An international arbitration court has handed Slovenia victory in a long-running maritime dispute with Croatia.

The Permanent Court of Arbitration in the Hague ruled that Slovenia should have direct access to international waters in the north Adriatic Sea using a corridor crossing Croatian waters.

The ruling was hailed by Slovenia but Croatia said it would ignore it.

The dispute between the two members of the European Union goes back to the break-up of Yugoslavia in the 1990s.

Croatia and Slovenia are also embroiled in an equally longstanding land border dispute, which involves tiny stretches of territory.

The disagreements between them were an obstacle to Croatia's accession to the EU for years.

Slovenian Prime Minister Miro Cerar described Thursday's ruling as "historic", arguing that the judgement was "definitive and must be applied on both countries".

Mr Cerar said he would be soon be contacting his Croatian counterpart to "begin dialogue on implementing the decision".

But Croatian Prime Minister Prime Minister Andrej Plenkovic said that the ruling was "not obliging" to his country "in any way" and there would be no intention to implement it.

Croatia withdrew from the arbitration proceedings in 2015, questioning the impartiality of the court after it transpired that a Slovenian official had been in communication with the Slovenian member of the tribunal.

The official concerned was sacked and the tribunal was reconstituted, with a Norwegian and a Swiss judge replacing the Slovenian and the Croatian members, the EUobserver website reported.
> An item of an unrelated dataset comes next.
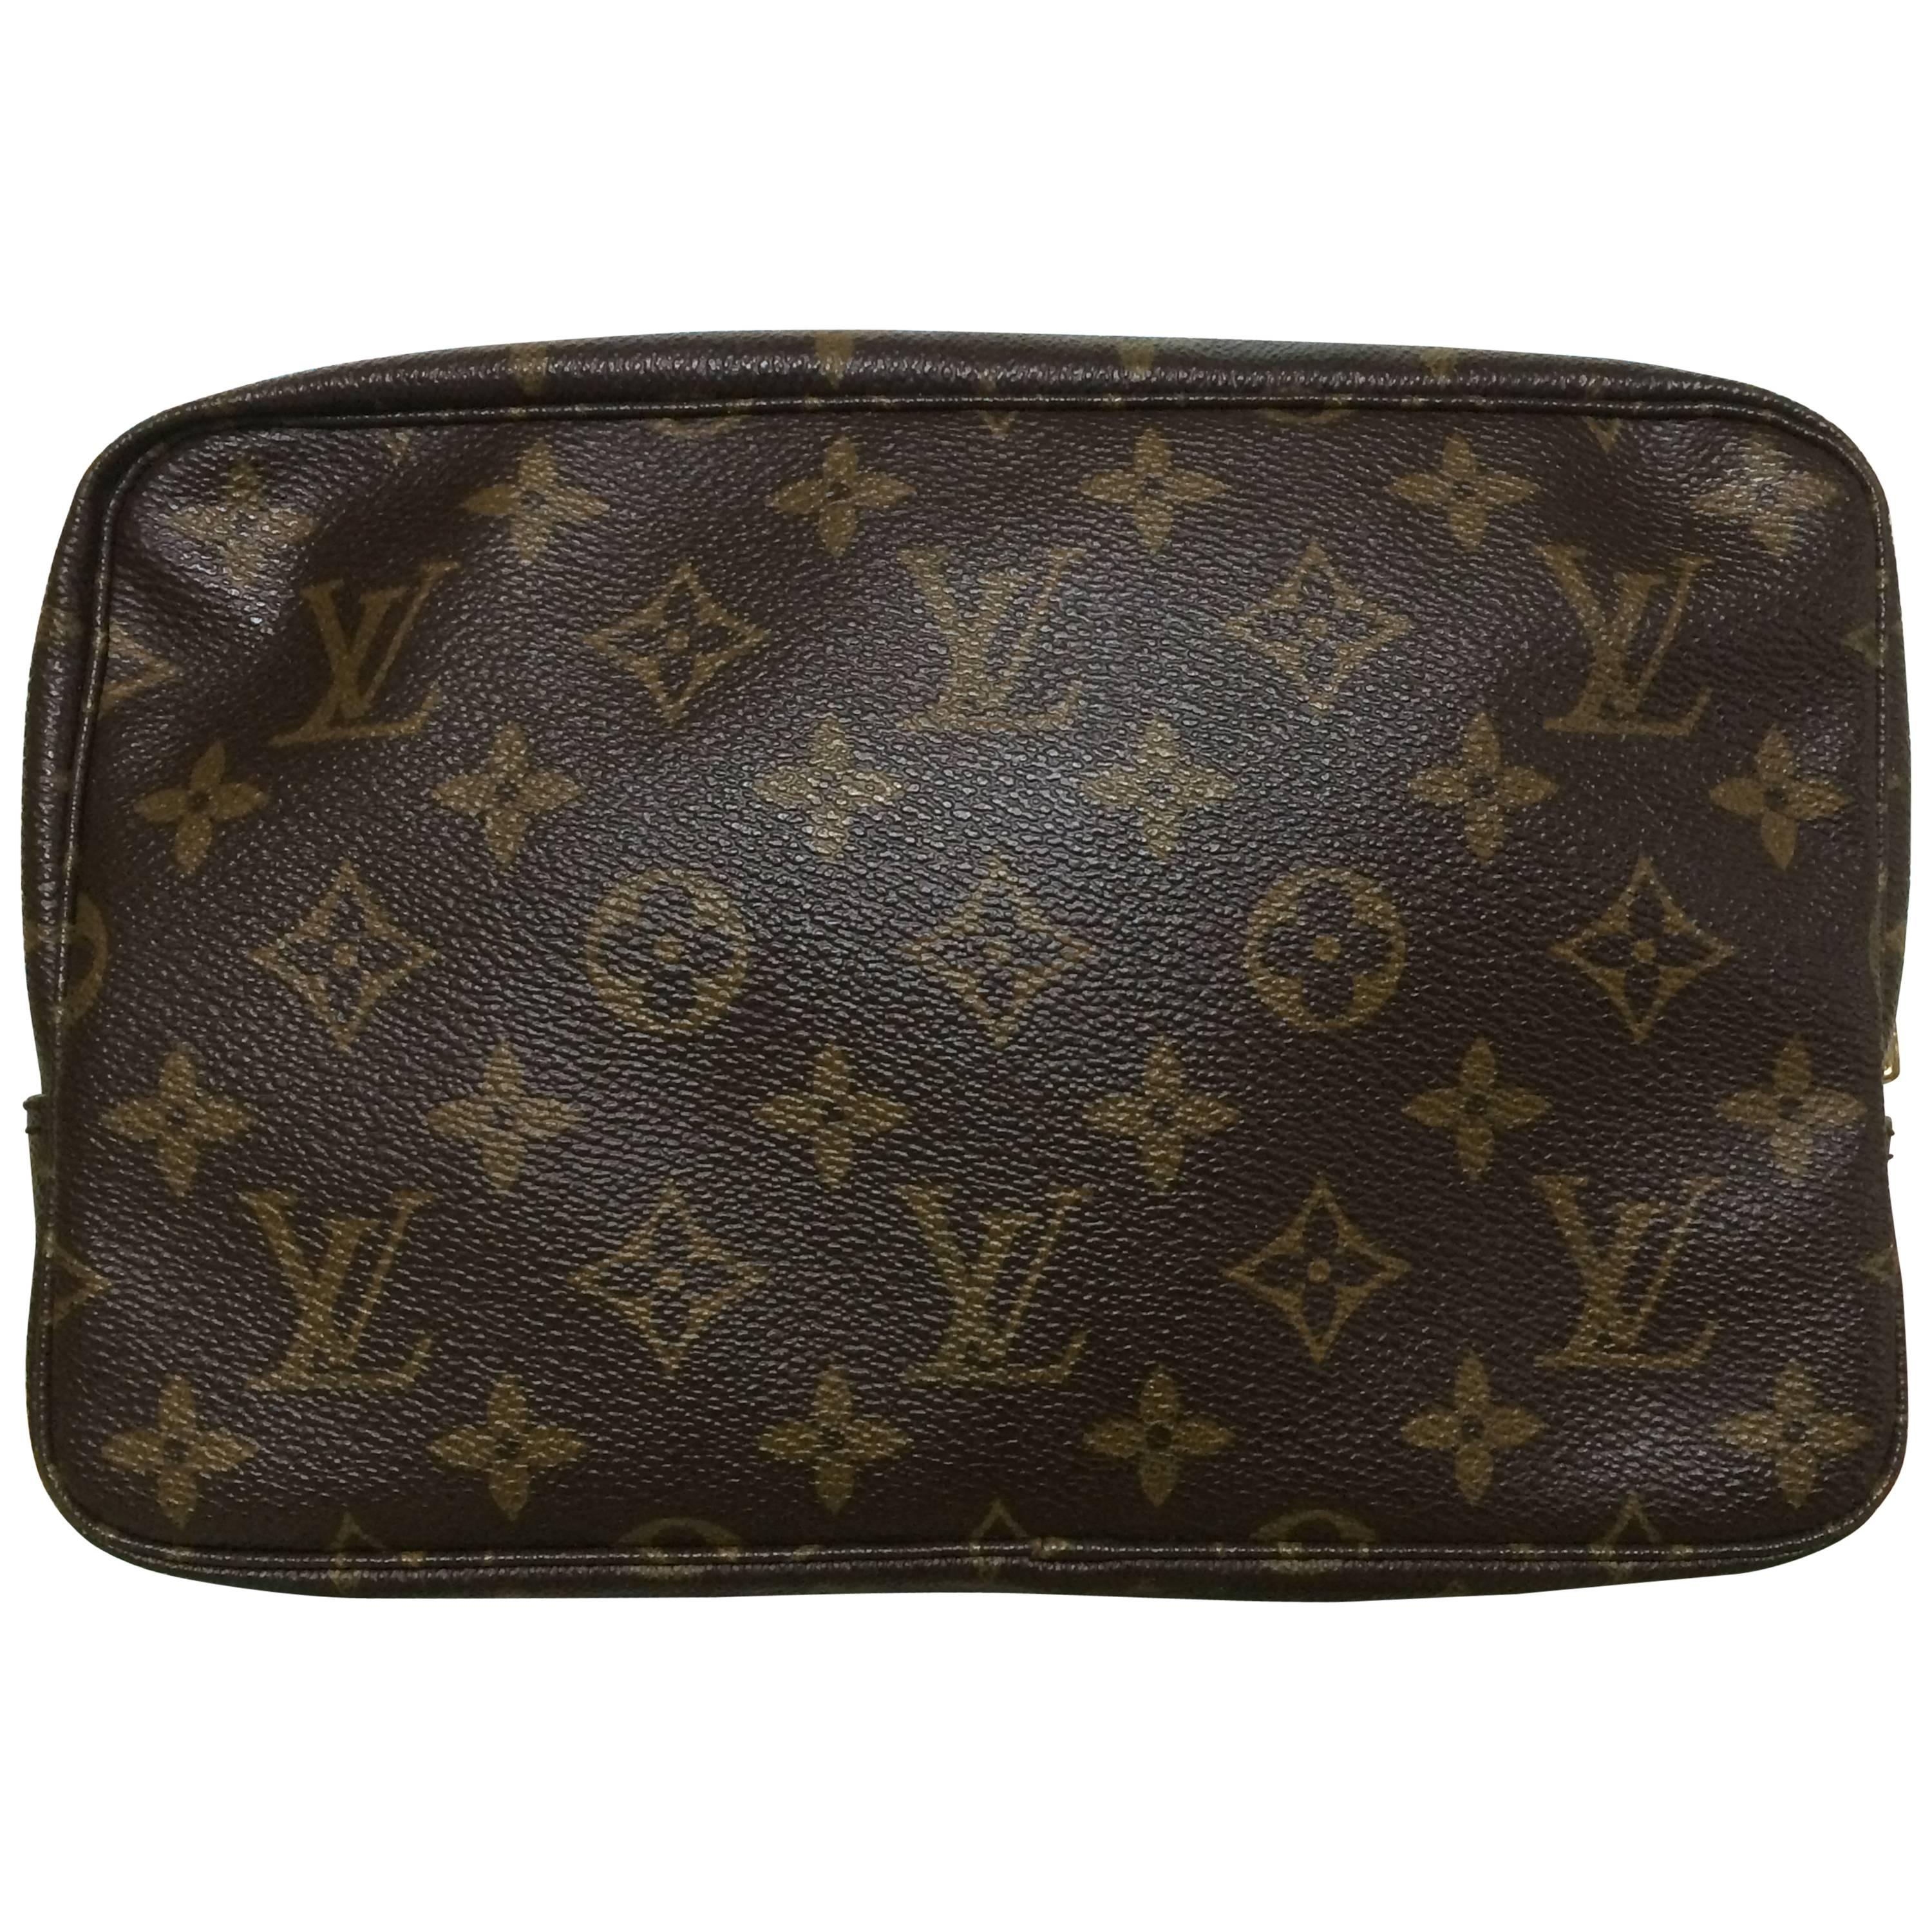 80's Vintage Louis Vuitton classic monogram cosmetic and toilet pouch bag Unisex

The ruling said that Slovenia should be granted "a junction area" within international waters adjoining the Slovenian town of Piran, allowing "freedom of communication" to civilian and military shipping travelling to Slovenia.

"The Tribunal determines that the junction between the Slovenian territorial sea and the 'High Sea' is an area in which ships and aircraft enjoy essentially the same rights of access to and from Slovenia as they enjoy on the high seas," it said in its ruling.

Croatia for its part has dismissed Slovenia's claims as an "entirely spurious resource grab under the guise of a maritime access corridor".